[Data block]

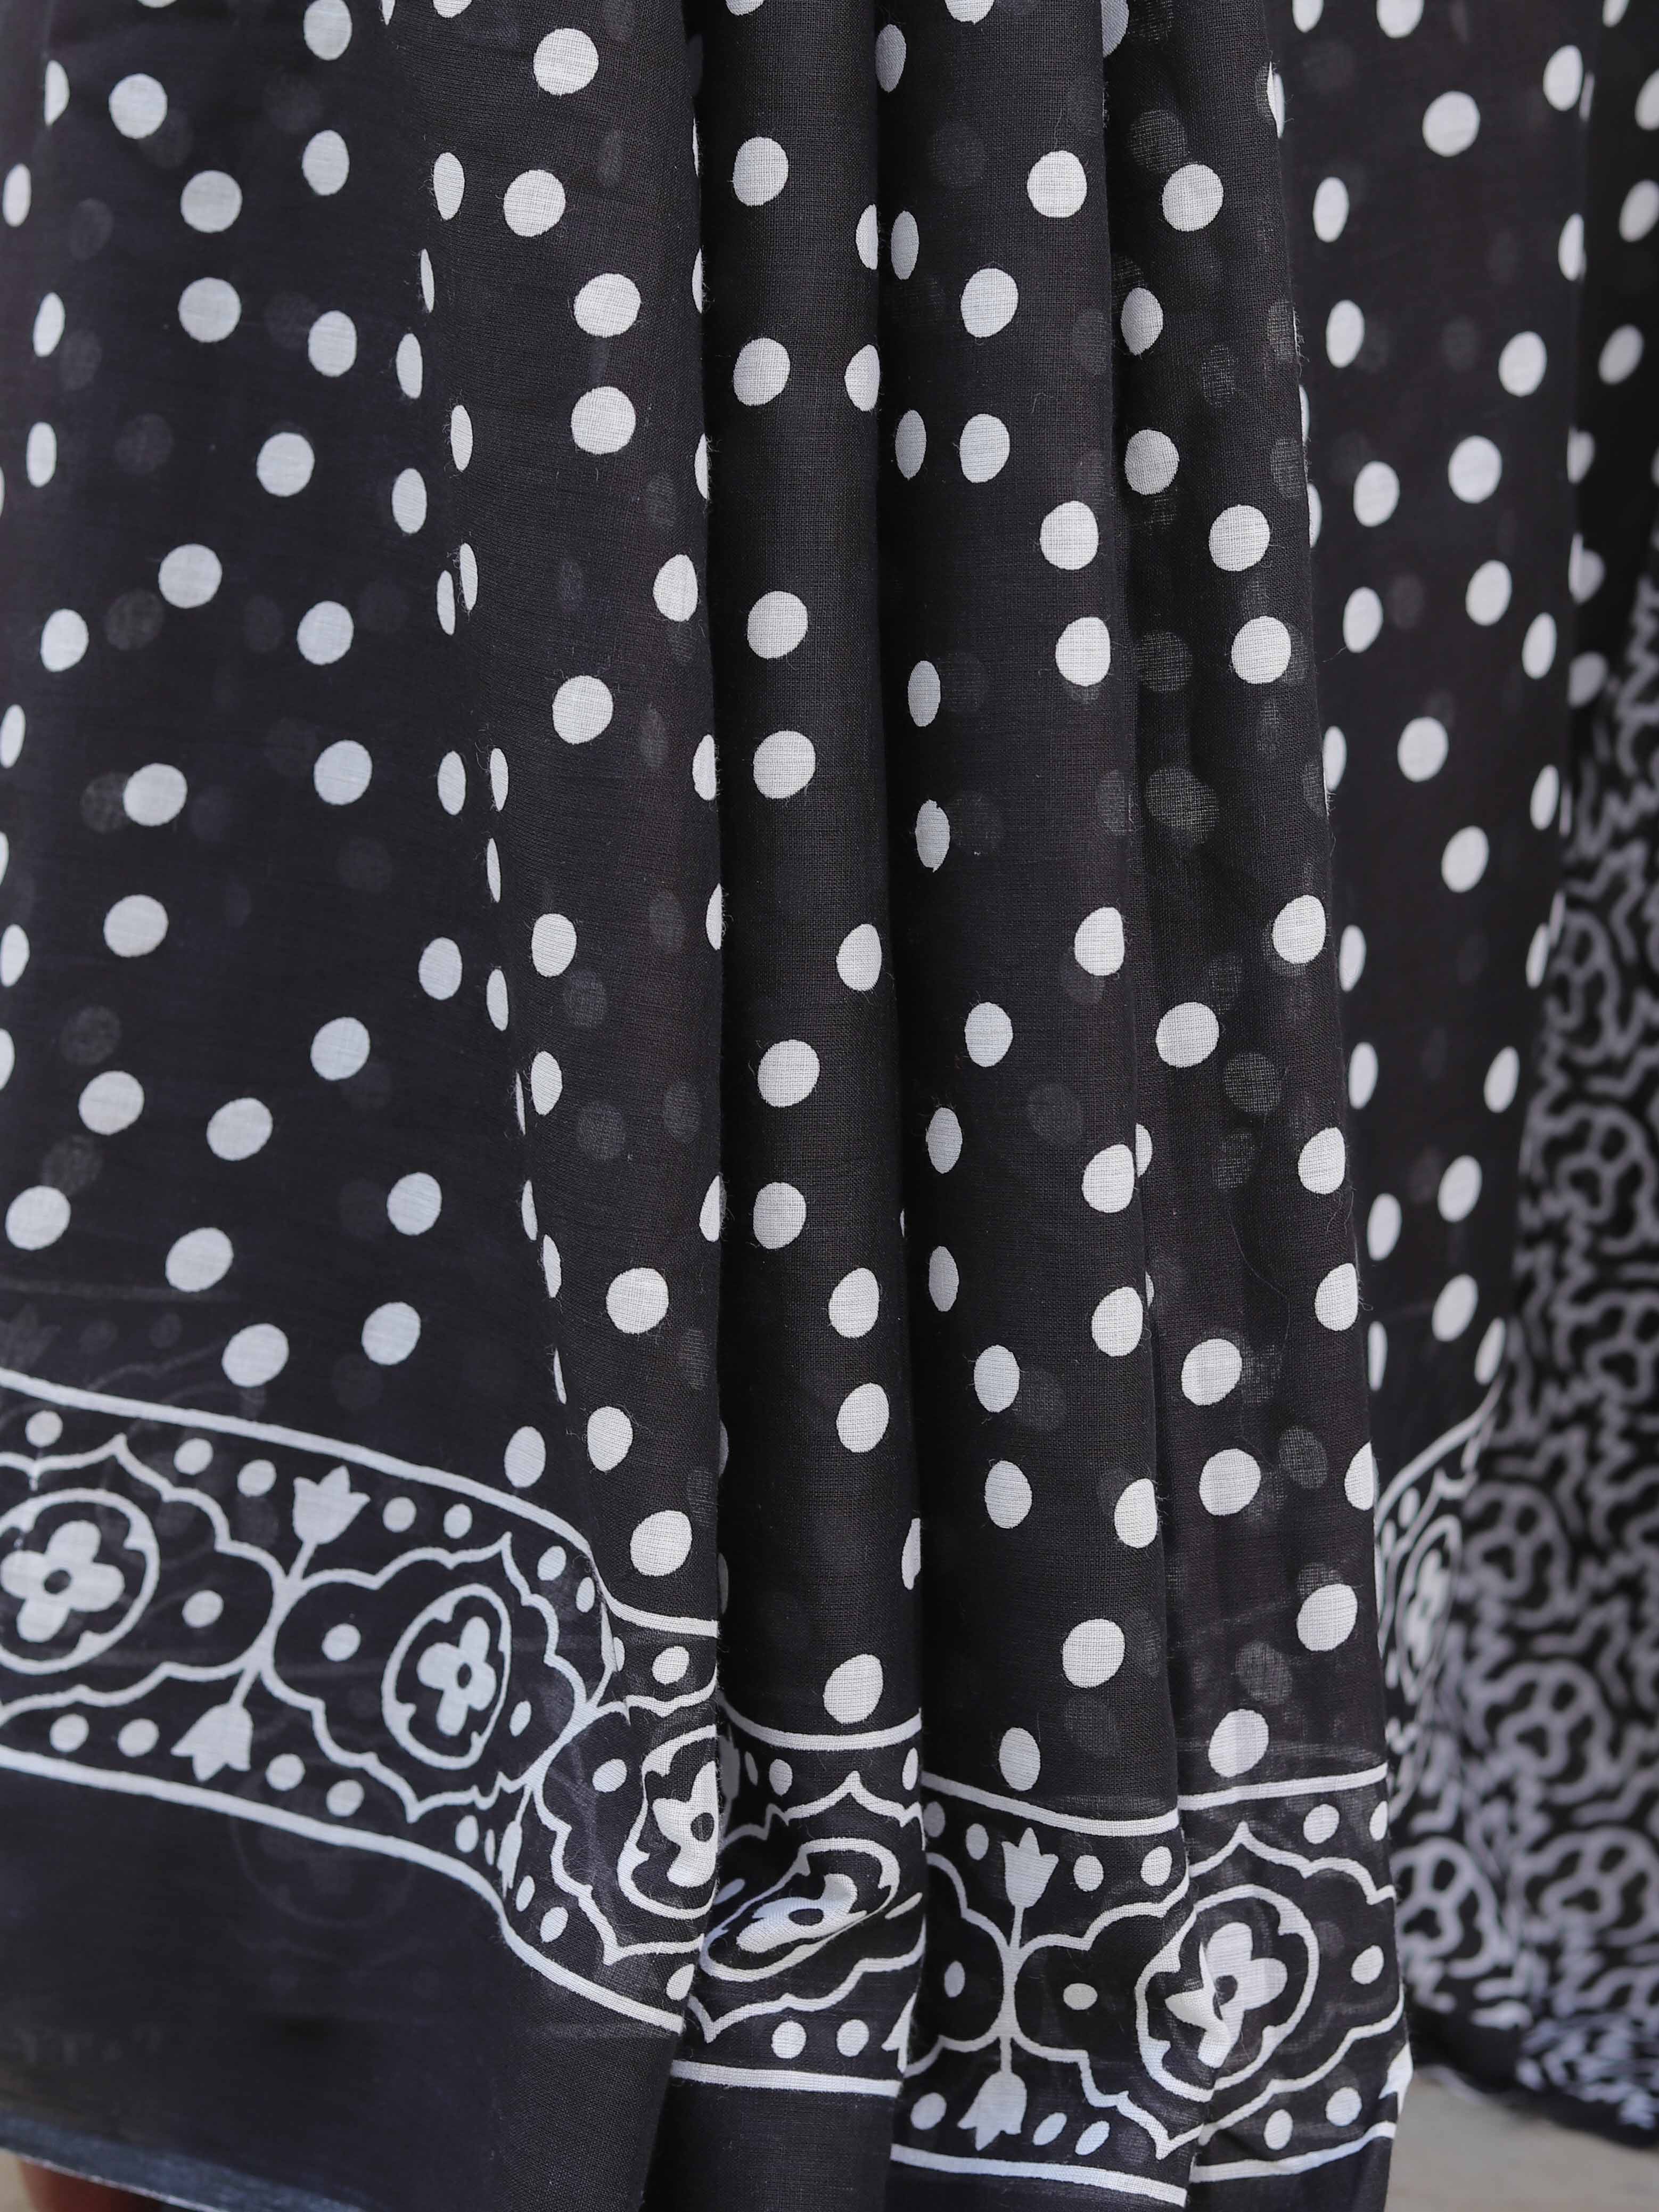 Handloom Mul Cotton Hand-block Print Saree-Black
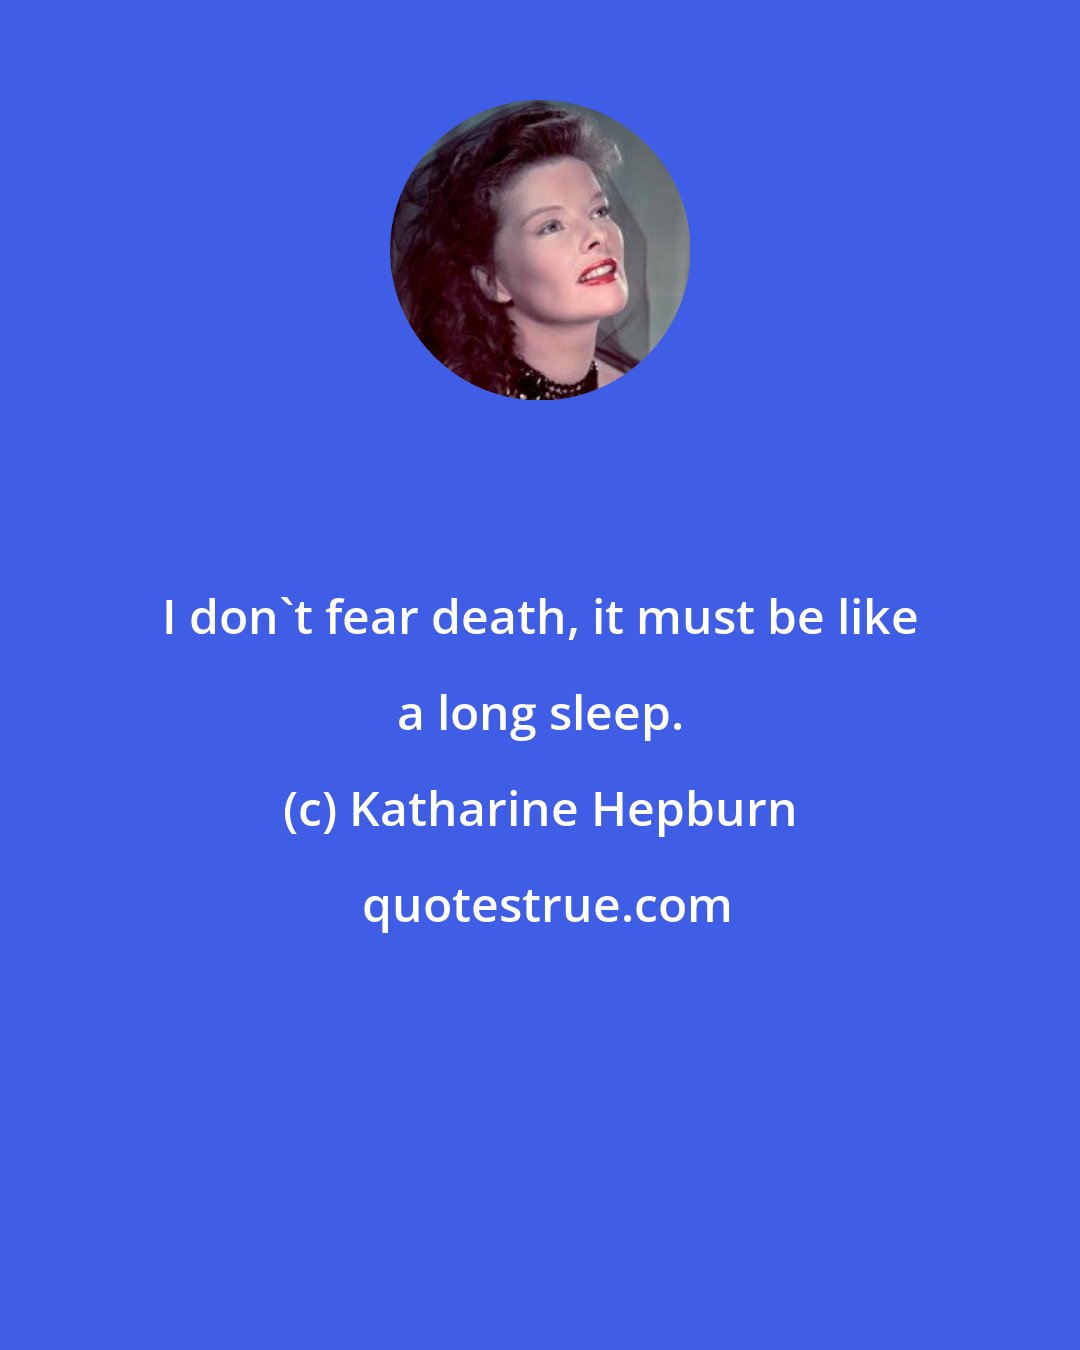 Katharine Hepburn: I don't fear death, it must be like a long sleep.
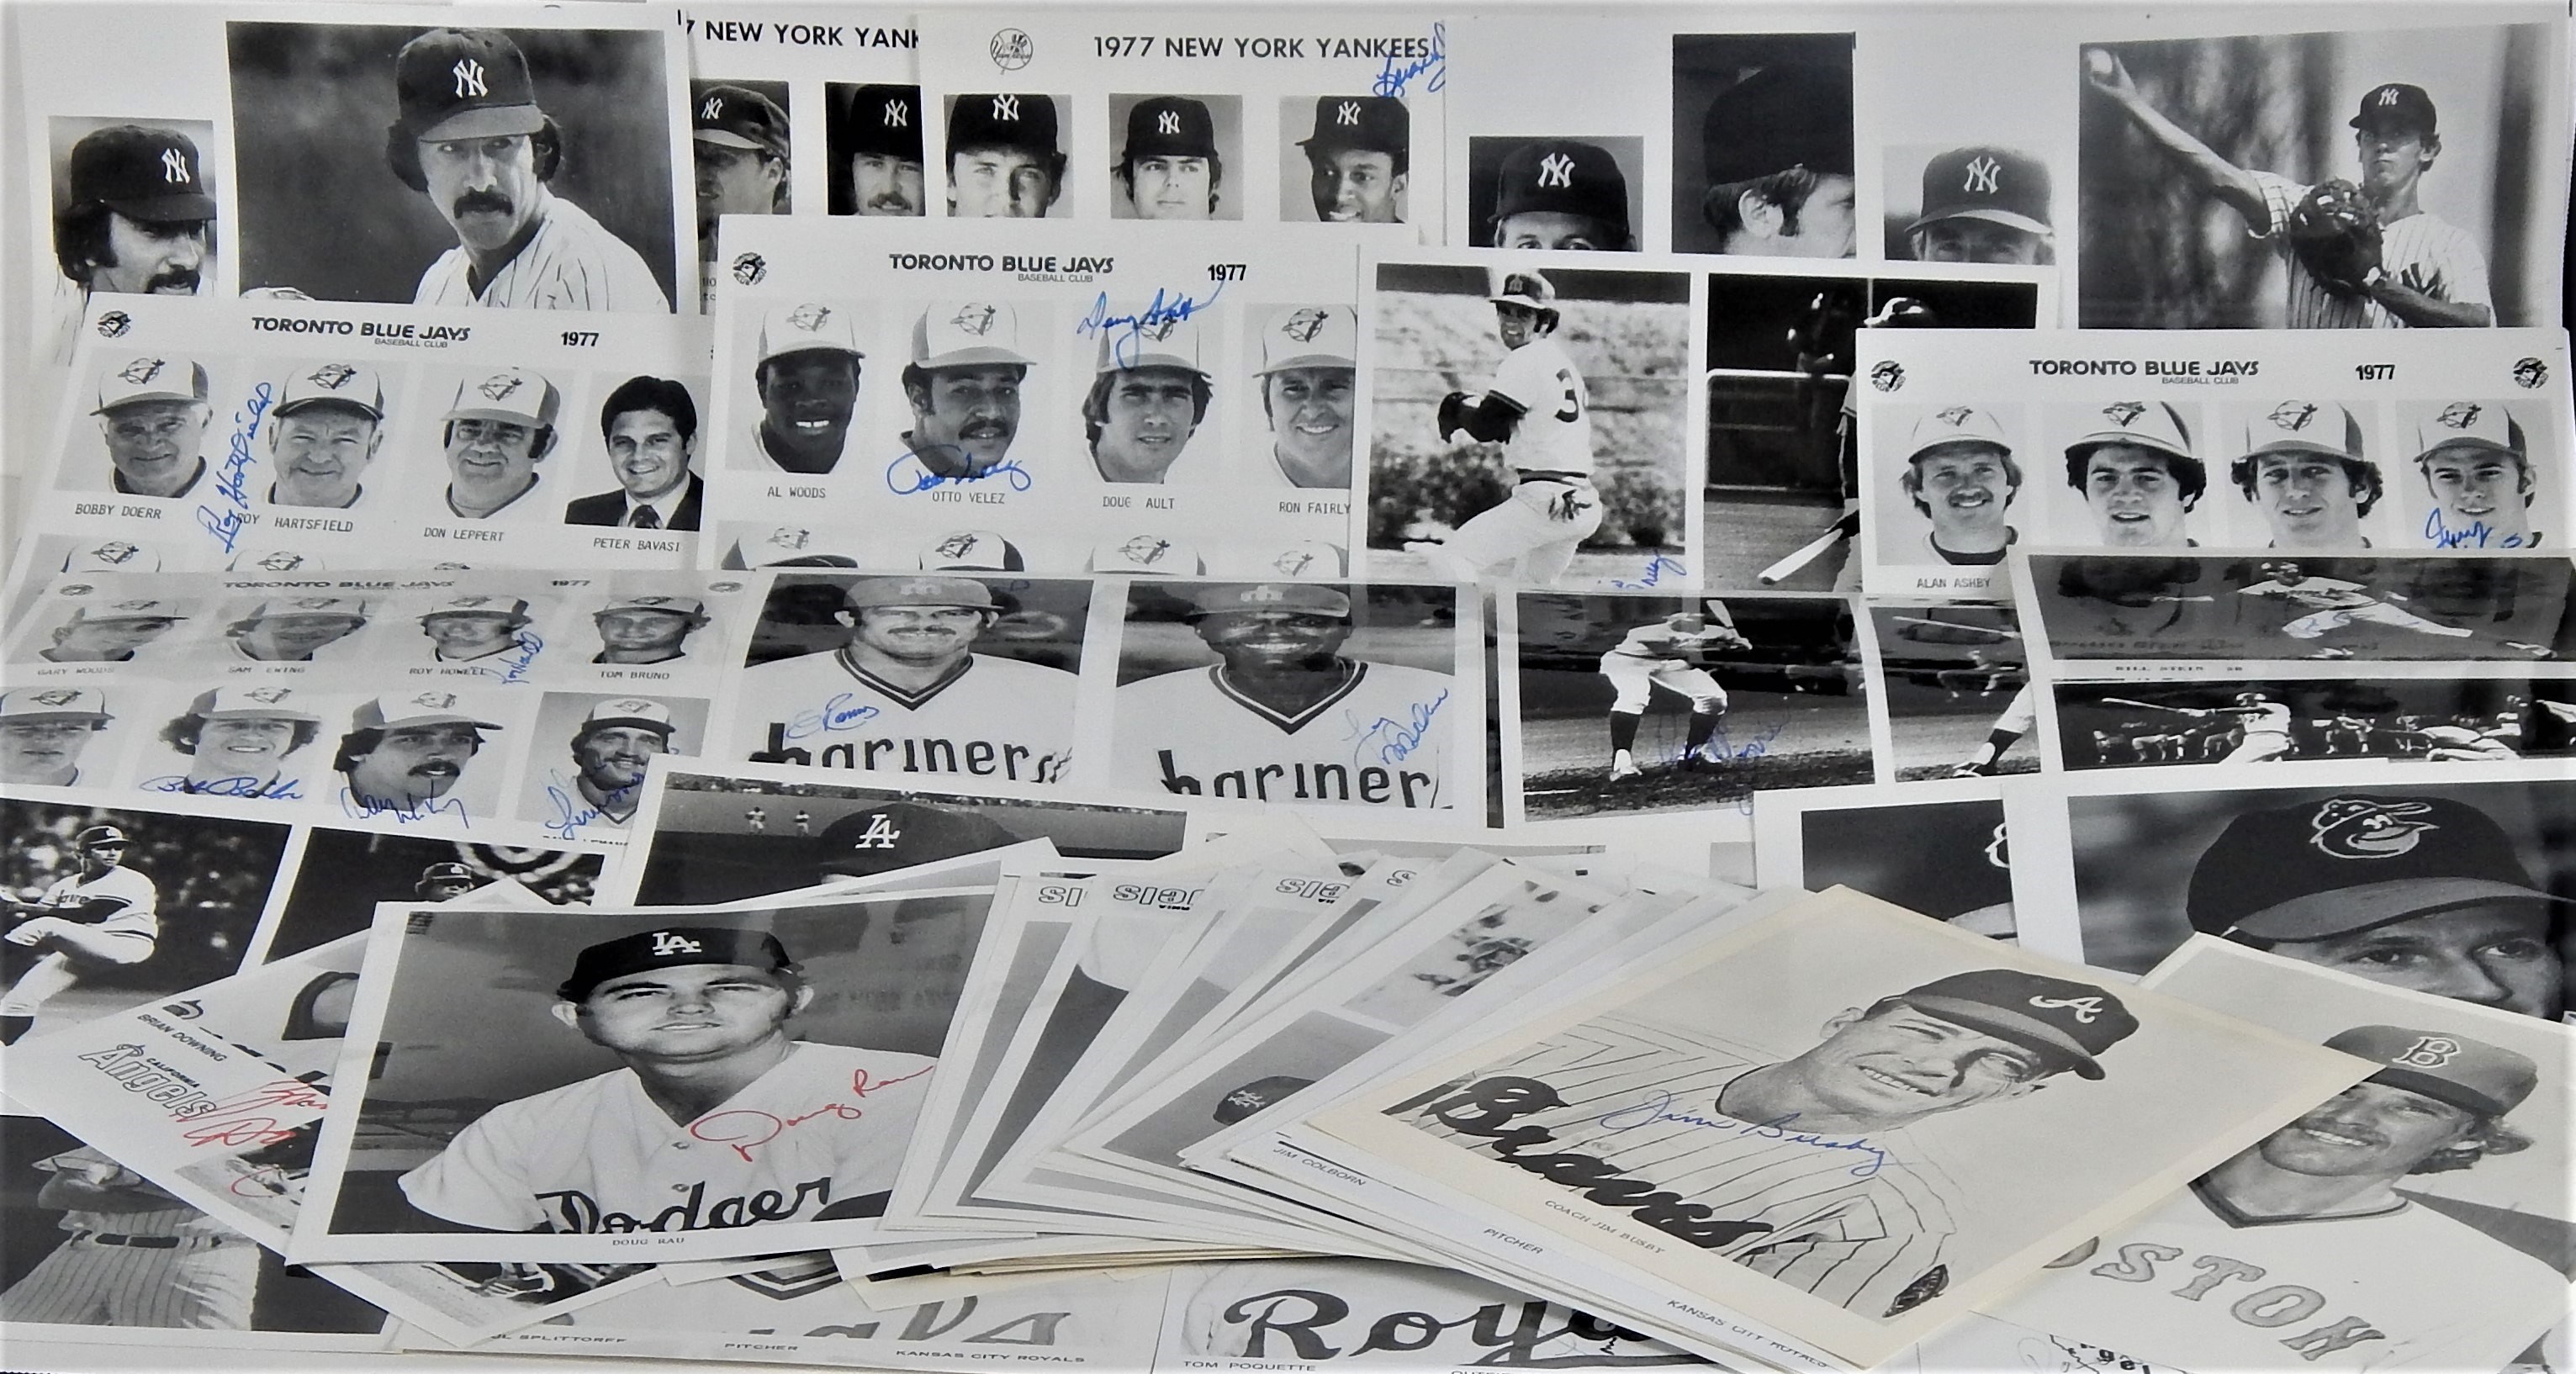 Baseball Autographs - 1970's Signed Publicity Photos w/1977 New York Yankee Photos (82)

[/Data block]

(What you need to do) In the data, the line that contains "Katharine Hepburn: I" begins the part to write out; restate it and each line after it word for word through the end, with no pictures.

(Your solution)
 Katharine Hepburn: I don't fear death, it must be like a long sleep.
 Baseball Autographs - 1970's Signed Publicity Photos w/1977 New York Yankee Photos (82)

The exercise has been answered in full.